The surname of VIDLER was an occupational name 'the fiddler' one who played the fiddle. The name is recorded in early documents in the Latin form VISUS, and was brought into England in the wake of the Norman Invasion of 1066. Hunfridus Uis de Leuu was listed in the Domesday Book of 1086 as a tenant-in-chief, and appears to be the first of the name on record. Walchelinus Visus lupi appears in County Oxford in the year 1130. Simon le Vythelar was documented in the year 1185. At first the coat of arms was a practical matter which served a function on the battlefield and in tournaments. With his helmet covering his face, and armour encasing the knight from head to foot, the only means of identification for his followers, was the insignia painted on his shield, and embroidered on his surcoat, the draped and flowing garment worn over the armour. Other records of the name mention Reginald le Vielur, who was documented in County Cambridge in the year 1273. Robert Vidulator, County Oxford.
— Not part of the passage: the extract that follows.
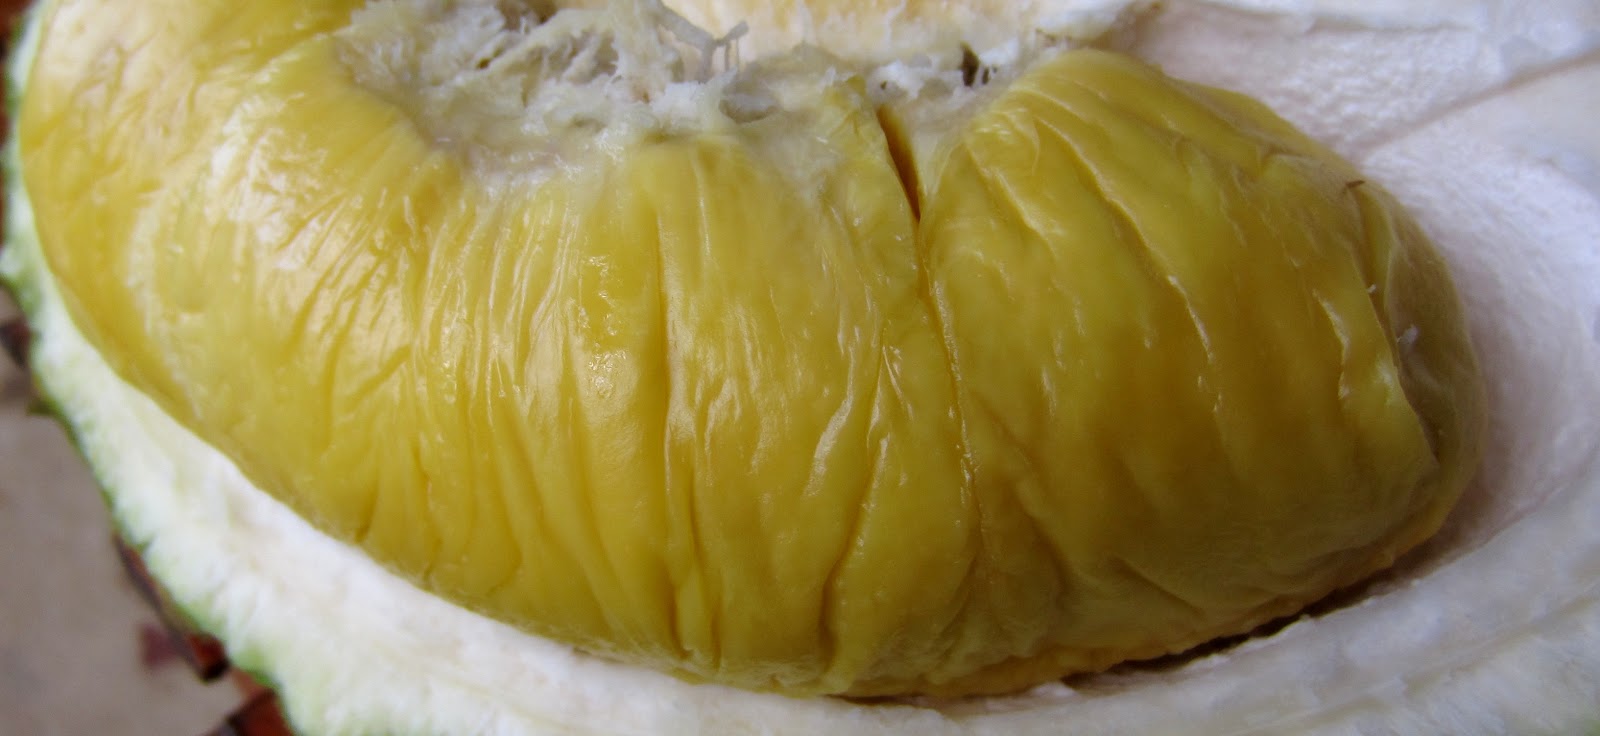 Mesmerizing Malaysia: Musang King Durian from Raub Pahang
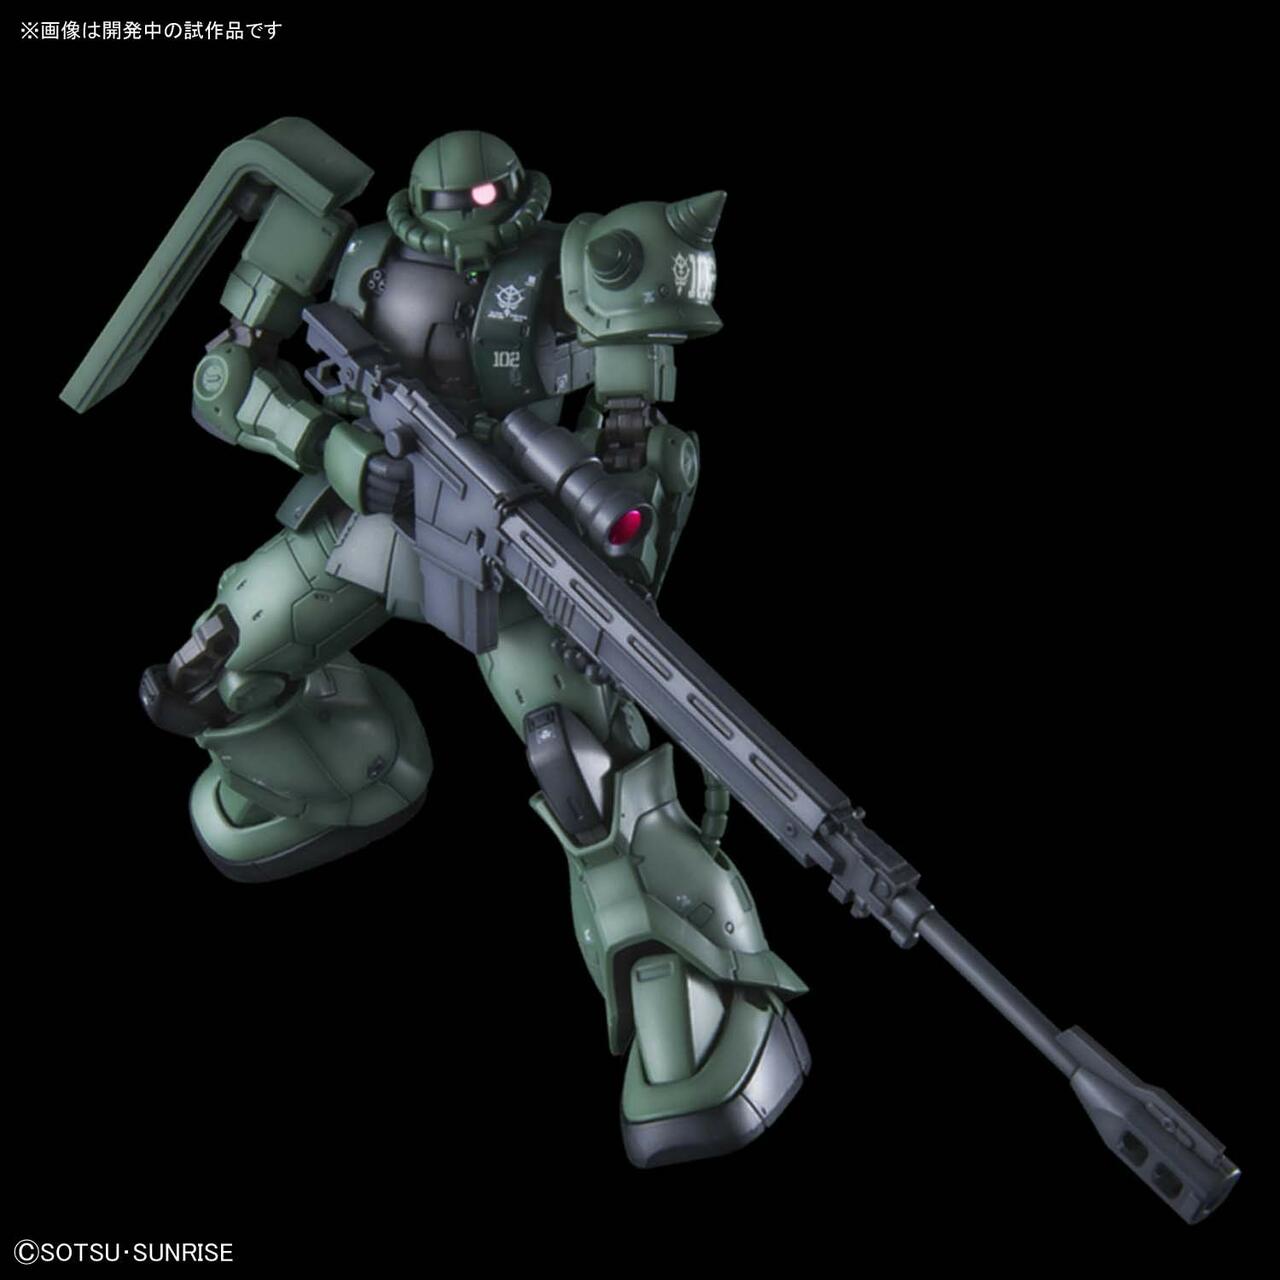 Bandai HG #25 1/144 Zaku II Type C-6/R6 "Gundam The Origin"

Matthew Vidler and Frances Barnes were married at St. George's, Hanover Square, London in the year 1786.
Edmund Vidler and Ann Meager were married in the same church in 1808.
Occasionally the name was used as a nickname from the Old French 'visleuu' meaning wolf-face. The earliest French hereditary surnames are found in the 12th century, at more or less the same time as they arose in England, but they are by no means common before the 13th century, and it was not until the 15th century that they stabilized to any great extent; before then a surname might be handed down for two or three generations, but then abandoned in favour of another. In the south, many French surnames have come in from Italy over the centuries, and in Northern France, Germanic influence can often be detected.
The associated arms are recorded in Sir Bernard Burkes General Armory. Ulster King of Arms in 1884.